Additionally, Duetti successfully completed its inaugural $80 million privately rated asset-backed securitization (ABS) transaction, backed by a highly diversified music rights catalog with Barclays acting as the sole structuring and placement agent for the ABS. (PR Newswire)

The company aims to use the proceeds from its new funding to accelerate its acquisition of music catalogs and expand its proprietary forecasting, pricing, sourcing, and marketing technology.

DeepRoute ($100M, Autonomous Cars)

Founded in 2019, Shenzhen-based autonomous driving startup DeepRoute, secured $100 million in Series C1 funding. (CnVEPost)

The funding will enhance the development of end-to-end model DeepRoute IO, help expand global automaker collaborations and explore future robotaxi businesses, and support the recruitment of more AI-native talents, DeepRoute said.

DeepRoute IO will utilize the VLA Model (Vision-Language-Action Model), A smart driving system that has higher-level thinking capabilities, able to understand complex interaction events, hidden semantic information and reason logically in traffic scenarios.

DoorLoop ($100M, Proptech)

DoorLoop, an Israeli startup founded in 2019, developed an online software platform for managing rental properties, secured $100 million in a Series B financing round, led by US investment fund JMI Equity in October reaching a valuation of $500 million.

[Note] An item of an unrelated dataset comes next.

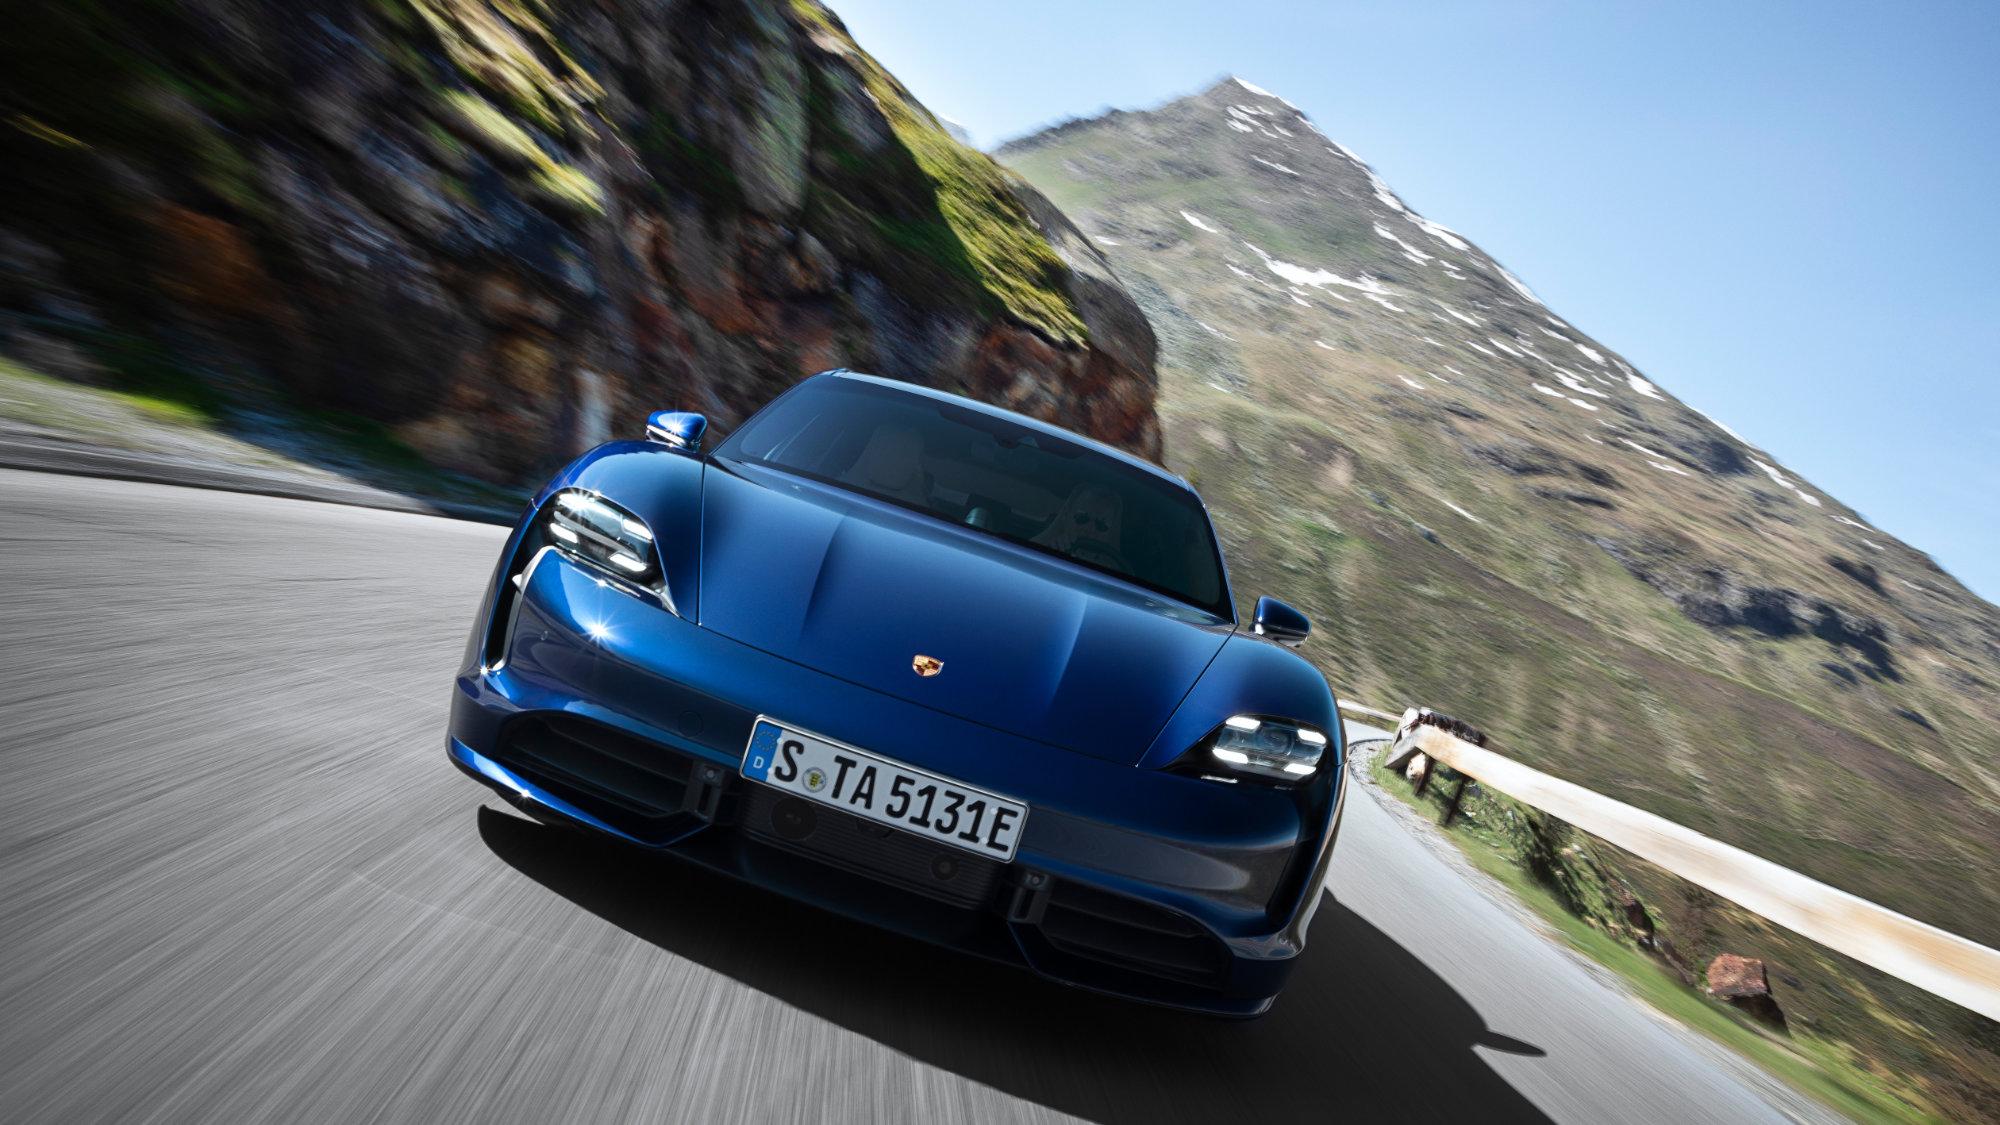 La Porsche Taycan électrique serait retardée de plusieurs semaines

The founding CEO Ori Tamuz, plans to embark on a hiring spree to bolster the headcount of the company’s Tel Aviv R&D center from 50 to 200 full-time employees over the next 18 months according to a report by the Times of Israel

DoorLoop’s platform helps landlords, property managers, and real estate companies automate management processes for residential and commercial properties and student housing primarily in the US market.

Conclusion

Looking closely at the 2024 VC landscape, one would observe that:

  • The decline in venture capital deals does not mean investors lack the dollar or the guts to bet on startups as evidenced by a good number of $1 billion+ deals.
  • Investors are consciously seeking out and splashing money heavily on industry disruptors like those in the AI and biotech sector.